§ **Given data**
%%
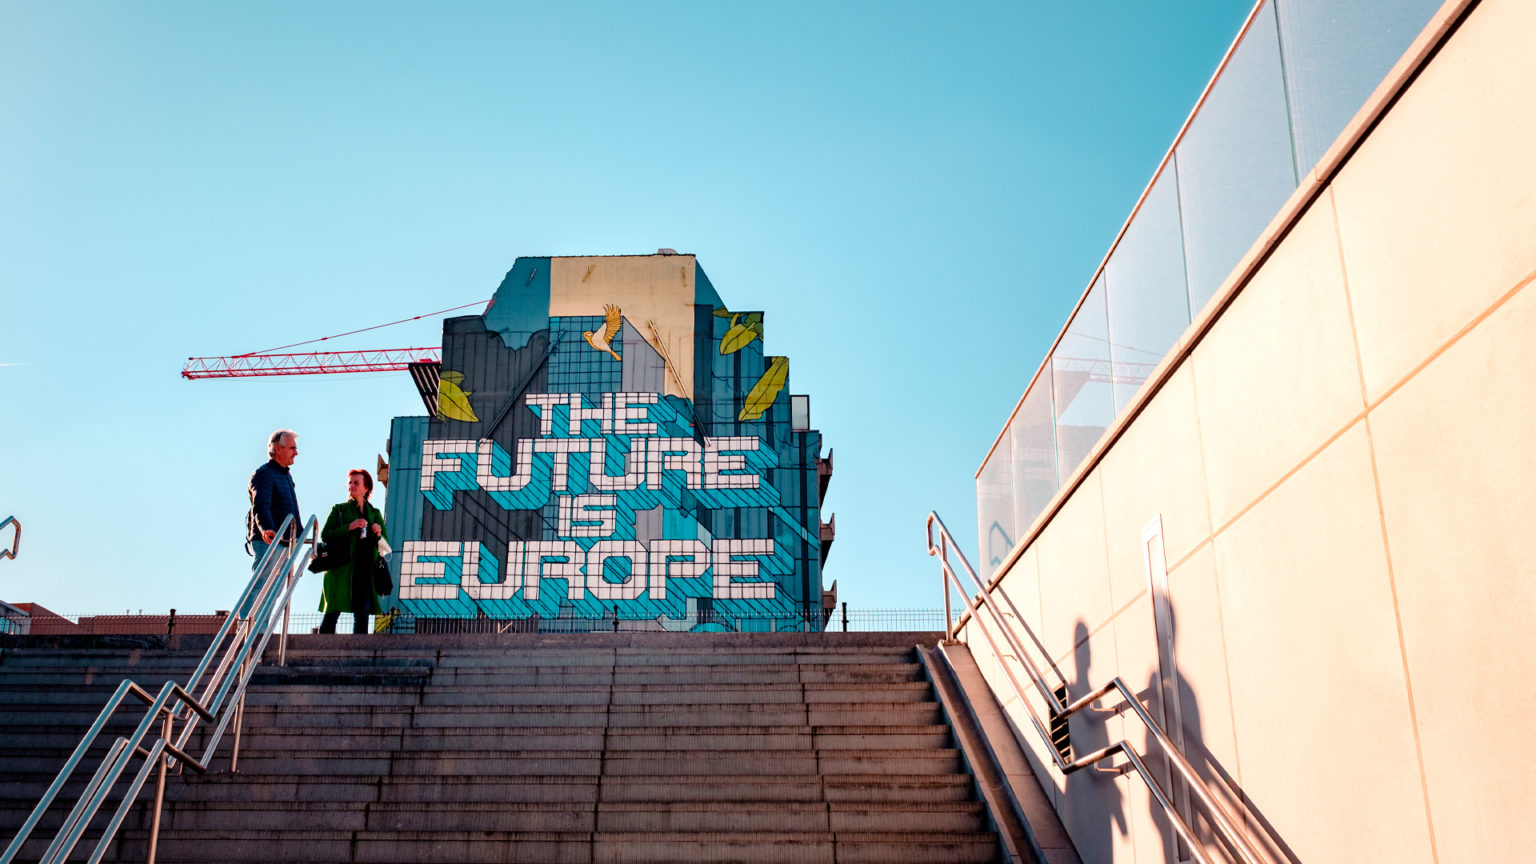 Siblega bouche de métro escalierpersonne street art future is europe
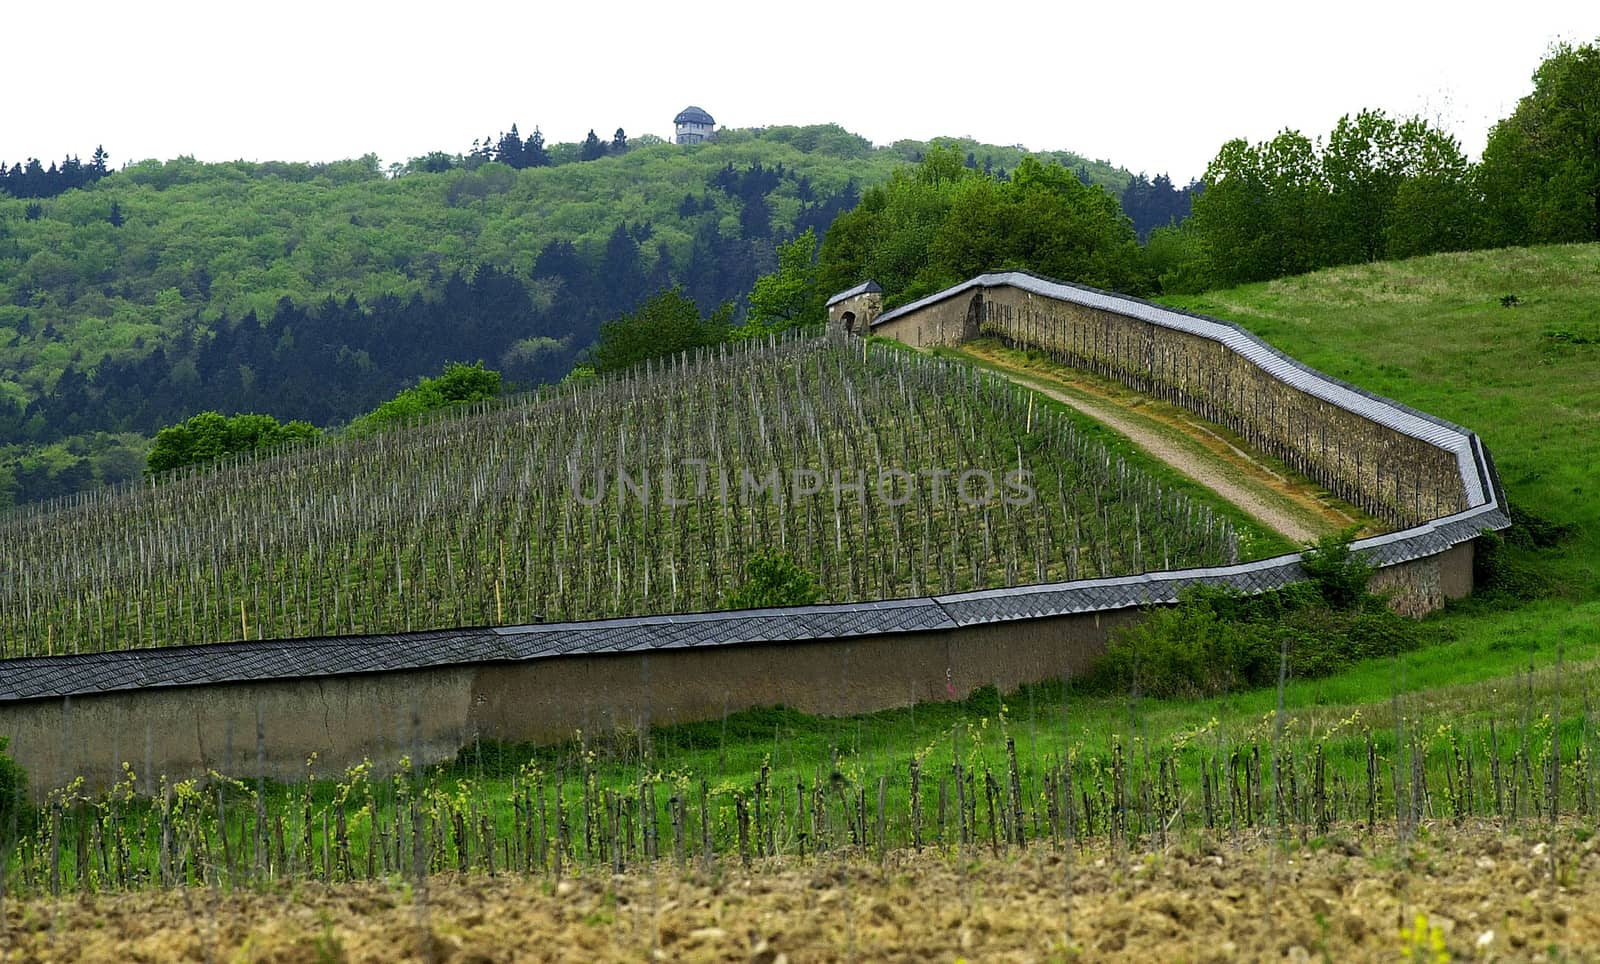 Panoramic views over vineyard
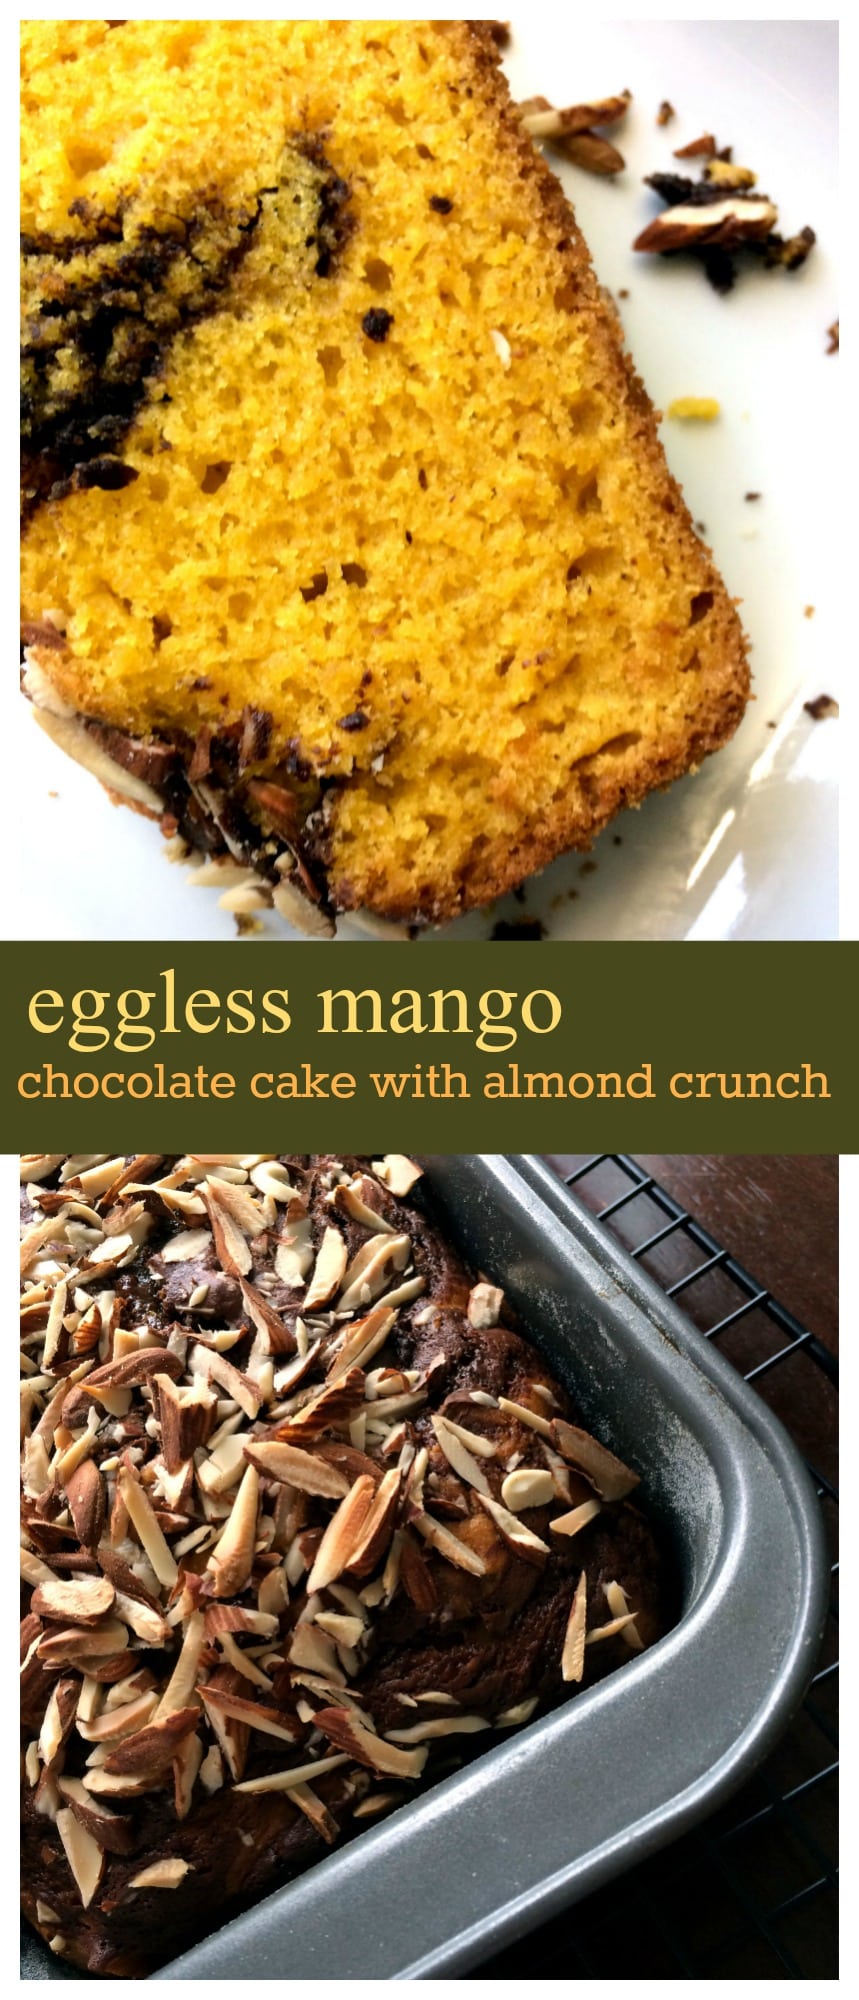 Eggless mango chocolate cake with almond crunch
%%
Every line above should be printed again word for word, without its pictures.

§ **Result of this task**
 Siblega bouche de métro escalierpersonne street art future is europe
 Panoramic views over vineyard
 Eggless mango chocolate cake with almond crunch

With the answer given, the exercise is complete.